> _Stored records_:
»»
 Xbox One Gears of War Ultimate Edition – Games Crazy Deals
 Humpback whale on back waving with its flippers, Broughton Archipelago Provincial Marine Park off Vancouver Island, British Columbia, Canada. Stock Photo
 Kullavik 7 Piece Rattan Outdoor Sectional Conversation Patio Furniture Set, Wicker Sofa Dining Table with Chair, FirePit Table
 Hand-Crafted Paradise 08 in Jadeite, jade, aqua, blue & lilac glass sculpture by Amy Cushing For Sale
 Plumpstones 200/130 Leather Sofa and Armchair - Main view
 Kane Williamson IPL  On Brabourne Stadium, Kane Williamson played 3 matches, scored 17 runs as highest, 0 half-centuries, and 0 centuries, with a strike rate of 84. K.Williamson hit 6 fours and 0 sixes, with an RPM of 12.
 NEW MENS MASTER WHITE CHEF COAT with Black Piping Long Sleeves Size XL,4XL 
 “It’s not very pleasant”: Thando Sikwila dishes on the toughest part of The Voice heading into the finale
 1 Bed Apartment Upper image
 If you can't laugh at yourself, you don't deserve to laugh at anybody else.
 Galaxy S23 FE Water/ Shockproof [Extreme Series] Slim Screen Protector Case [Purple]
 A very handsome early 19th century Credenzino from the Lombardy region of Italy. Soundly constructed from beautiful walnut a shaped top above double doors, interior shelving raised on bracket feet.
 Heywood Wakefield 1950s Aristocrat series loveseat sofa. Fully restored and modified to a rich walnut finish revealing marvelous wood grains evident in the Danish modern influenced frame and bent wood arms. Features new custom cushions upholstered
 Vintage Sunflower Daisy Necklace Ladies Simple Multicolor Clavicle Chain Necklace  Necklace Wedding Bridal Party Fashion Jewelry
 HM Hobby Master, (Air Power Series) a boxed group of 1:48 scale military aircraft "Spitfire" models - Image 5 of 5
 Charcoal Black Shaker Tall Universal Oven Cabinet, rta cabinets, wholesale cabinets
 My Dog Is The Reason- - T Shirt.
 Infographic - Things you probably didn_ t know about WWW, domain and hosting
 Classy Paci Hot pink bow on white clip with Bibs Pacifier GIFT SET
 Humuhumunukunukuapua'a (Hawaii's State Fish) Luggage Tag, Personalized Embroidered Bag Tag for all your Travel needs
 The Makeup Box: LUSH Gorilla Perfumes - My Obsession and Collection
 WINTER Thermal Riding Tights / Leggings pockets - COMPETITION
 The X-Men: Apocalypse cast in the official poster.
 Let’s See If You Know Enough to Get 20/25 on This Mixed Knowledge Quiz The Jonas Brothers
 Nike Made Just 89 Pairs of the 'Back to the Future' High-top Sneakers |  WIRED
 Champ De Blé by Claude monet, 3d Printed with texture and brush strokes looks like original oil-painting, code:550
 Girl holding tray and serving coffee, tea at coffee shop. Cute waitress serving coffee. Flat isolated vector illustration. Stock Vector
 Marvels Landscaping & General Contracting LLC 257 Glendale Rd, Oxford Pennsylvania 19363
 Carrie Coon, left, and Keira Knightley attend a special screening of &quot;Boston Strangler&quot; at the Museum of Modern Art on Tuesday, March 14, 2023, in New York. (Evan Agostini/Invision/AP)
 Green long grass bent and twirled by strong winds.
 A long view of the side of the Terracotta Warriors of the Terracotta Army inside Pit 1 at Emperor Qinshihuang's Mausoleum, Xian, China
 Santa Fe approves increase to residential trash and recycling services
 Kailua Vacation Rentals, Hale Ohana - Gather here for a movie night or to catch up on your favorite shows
««
> _What needs to be done_: Copy the lines above exactly, from the very first through the one containing "The Makeup Box: LUSH", and include no other line.

> _Exercise result_:
 Xbox One Gears of War Ultimate Edition – Games Crazy Deals
 Humpback whale on back waving with its flippers, Broughton Archipelago Provincial Marine Park off Vancouver Island, British Columbia, Canada. Stock Photo
 Kullavik 7 Piece Rattan Outdoor Sectional Conversation Patio Furniture Set, Wicker Sofa Dining Table with Chair, FirePit Table
 Hand-Crafted Paradise 08 in Jadeite, jade, aqua, blue & lilac glass sculpture by Amy Cushing For Sale
 Plumpstones 200/130 Leather Sofa and Armchair - Main view
 Kane Williamson IPL  On Brabourne Stadium, Kane Williamson played 3 matches, scored 17 runs as highest, 0 half-centuries, and 0 centuries, with a strike rate of 84. K.Williamson hit 6 fours and 0 sixes, with an RPM of 12.
 NEW MENS MASTER WHITE CHEF COAT with Black Piping Long Sleeves Size XL,4XL 
 “It’s not very pleasant”: Thando Sikwila dishes on the toughest part of The Voice heading into the finale
 1 Bed Apartment Upper image
 If you can't laugh at yourself, you don't deserve to laugh at anybody else.
 Galaxy S23 FE Water/ Shockproof [Extreme Series] Slim Screen Protector Case [Purple]
 A very handsome early 19th century Credenzino from the Lombardy region of Italy. Soundly constructed from beautiful walnut a shaped top above double doors, interior shelving raised on bracket feet.
 Heywood Wakefield 1950s Aristocrat series loveseat sofa. Fully restored and modified to a rich walnut finish revealing marvelous wood grains evident in the Danish modern influenced frame and bent wood arms. Features new custom cushions upholstered
 Vintage Sunflower Daisy Necklace Ladies Simple Multicolor Clavicle Chain Necklace  Necklace Wedding Bridal Party Fashion Jewelry
 HM Hobby Master, (Air Power Series) a boxed group of 1:48 scale military aircraft "Spitfire" models - Image 5 of 5
 Charcoal Black Shaker Tall Universal Oven Cabinet, rta cabinets, wholesale cabinets
 My Dog Is The Reason- - T Shirt.
 Infographic - Things you probably didn_ t know about WWW, domain and hosting
 Classy Paci Hot pink bow on white clip with Bibs Pacifier GIFT SET
 Humuhumunukunukuapua'a (Hawaii's State Fish) Luggage Tag, Personalized Embroidered Bag Tag for all your Travel needs
 The Makeup Box: LUSH Gorilla Perfumes - My Obsession and Collection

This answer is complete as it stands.